Number four, these are my investors. That’s Brad Feld over on the left. He’s sort of looks like the guy from The Big Lebowski. He sort of acts like him too, like he’s very peaced out. He’s pretty awesome. And then on the right is Michelle Goldberg and her husband who’s also named Brad, coincidentally. Michelle was my first investor back in 2007 and Brad invested in 2012. And actually, one of Brad’s partners Seth Levine is on our board now. I always felt like I got too much of a free ride from that, right? For a few years now, I always feel like in board meetings that I’m the heavy. I’m the one who has to come in and give folks a hard time, and I’m the one who’s toughest on the company. I don’t like that. I think that, you know, in looking for board members who are very empathetic and who were very kind and who I had a close relationship with, I don’t think there was enough of the healthy conflict that can drive success. And so, I think, in the future, I will, I have been, and I would continue to push my board members to be a little tougher with me and with the company. I don’t want them to be assholes like god, no. I want them to keep being kind empathetic. But I want them to be tough with their questions. I want them to be tough with their beliefs. I want them to make me prove things to them or make Sarah prove things to them. I think that matters.

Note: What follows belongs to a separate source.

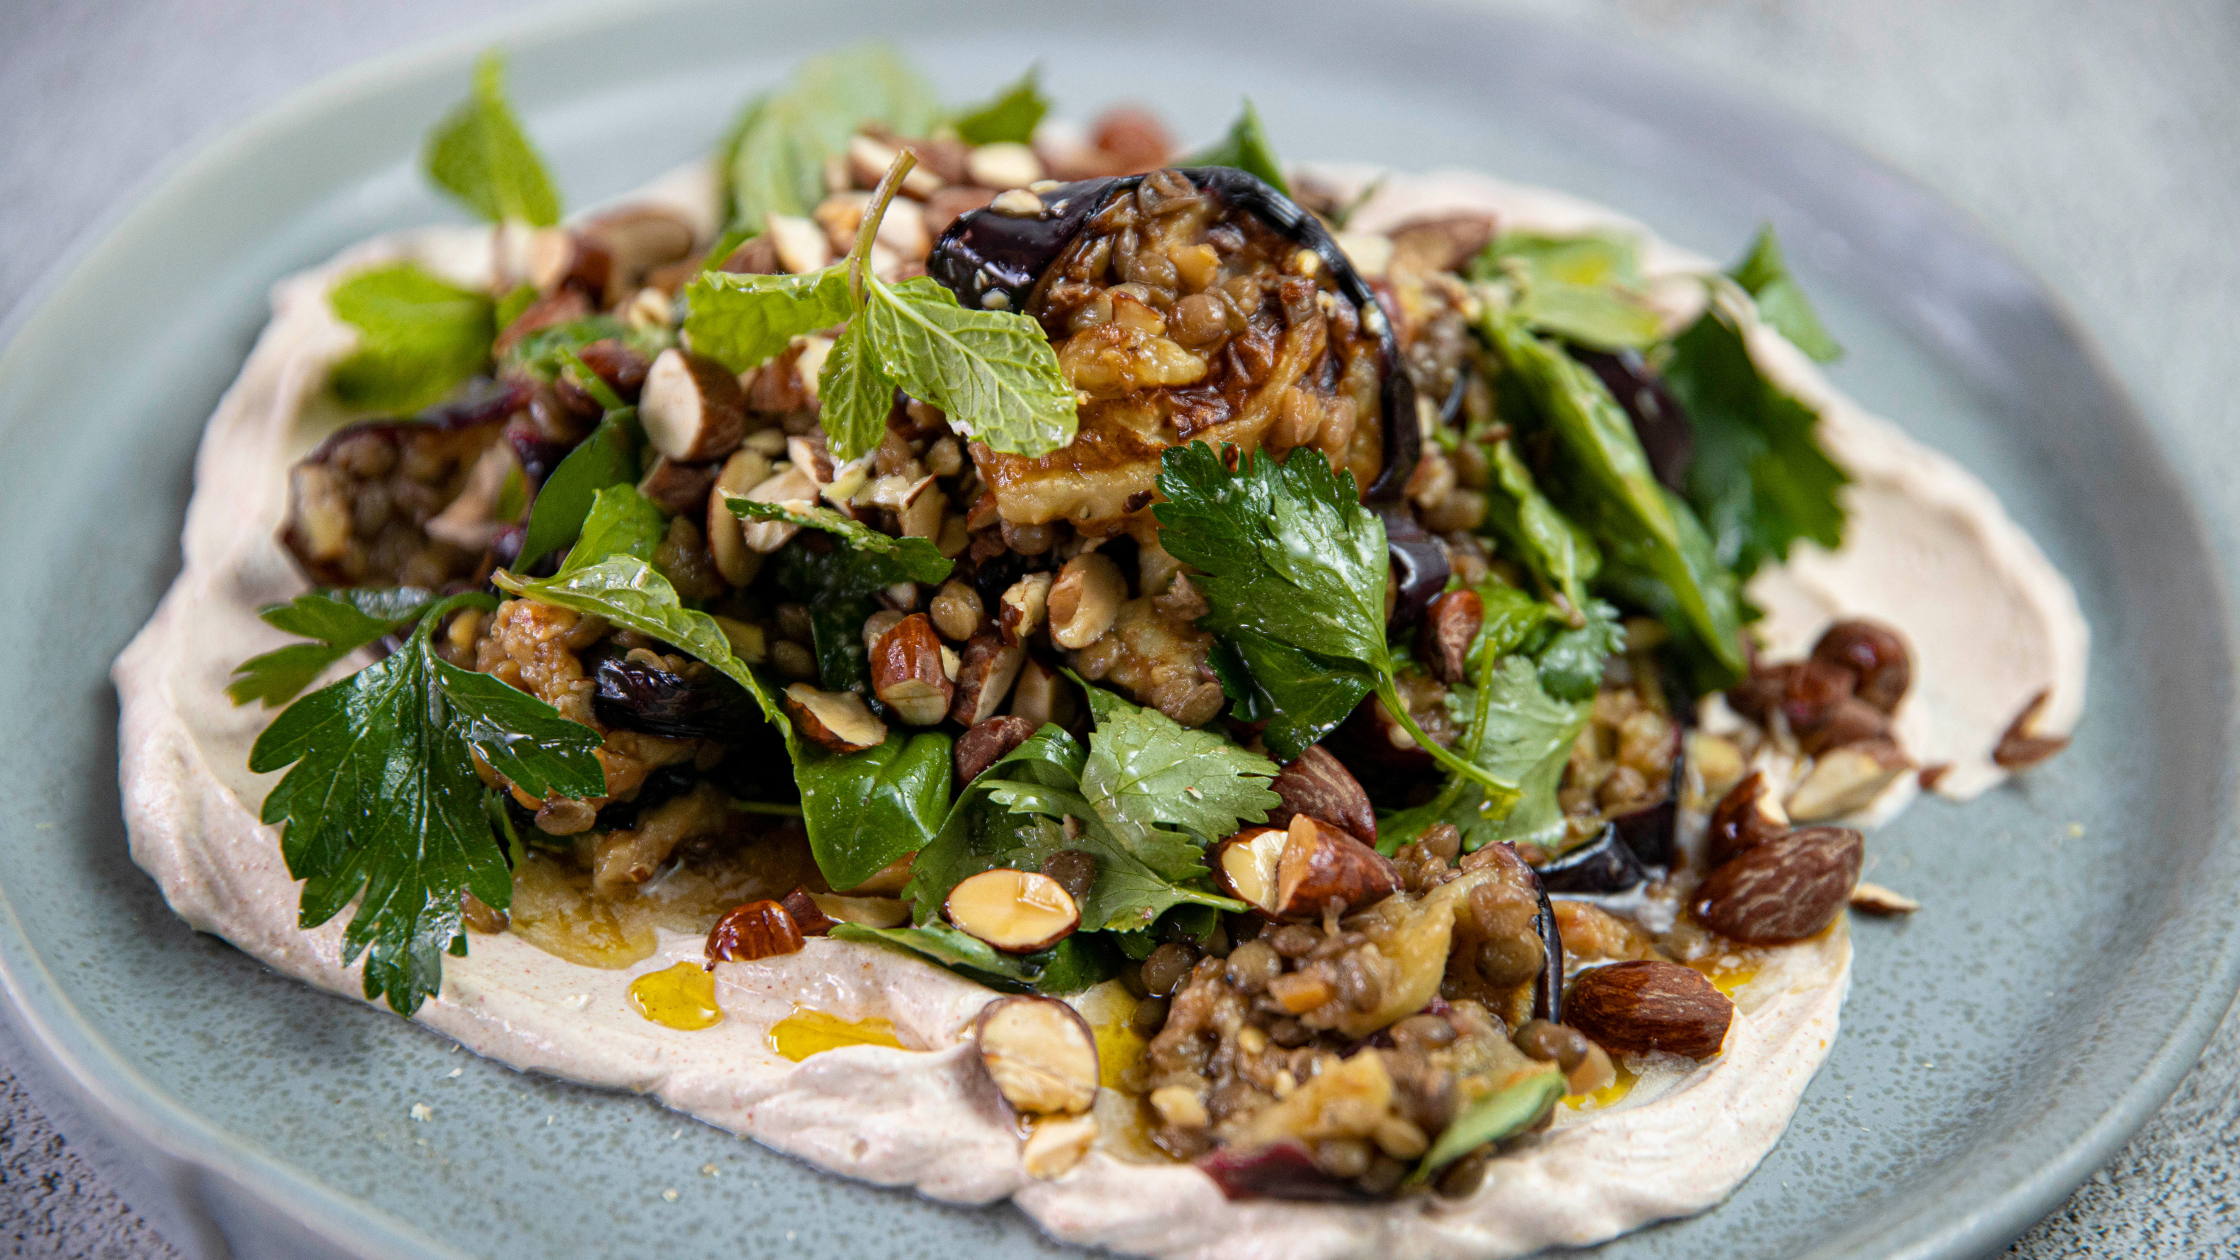 Grilled Eggplant Salad with Smoked Almonds

I know there’s a lot of love for the Lean Startup. And I have a lot of love for that methodology as well. But I hate MVPs. I think most MVPs suck horribly, just miserably horribly suck and are not good enough to release. A lot of companies get in this mindset of, “Hey, it’s just an MVP. It’s our first stab.” Yeah. You know what, your first stab is how every customer is gonna judge you. And if you’ve already built up a community and a customer base, that is how they will view that product and changing someone’s mind. Instead of introducing them to something new, is incredibly hard. It’s incredibly hard from a branding perspective. It’s incredibly hard from a memory perspective. Human beings are just not built to change their mind about things. That’s why it’s so hard for big brands who suffer PR disasters to recover from them because reintroducing a product or trying to re-earn people’s trust is really hard. And I think this applies to the MVP model as well which is why I love EVPs. I made that up but exceptional viable products. Products are massively better than what else is out there in the market the day that they’re released. I think the MVP model works great for internal dogfooding and beta testing as long as you don’t release it publicly. I would hire fewer people. I would hire fewer people. I told you. I built this before yesterday’s, you know, really horrible news. But in the future, I would hire fewer people. I would build fewer things, and I would have more focus. That is something that I strongly believe in. I love the quote. I think it was from Bill Gurley that said…Bill Gurley is a very famous investor at Benchmark Capital in Silicon Valley. And he said, “Startups don’t die of starvation. They die from indigestion.” I think that is absolutely true. I think it’s really hard to focus. When you’re an entrepreneur, you think you can do a lot of things. You try to do a lot of things, doesn’t always work.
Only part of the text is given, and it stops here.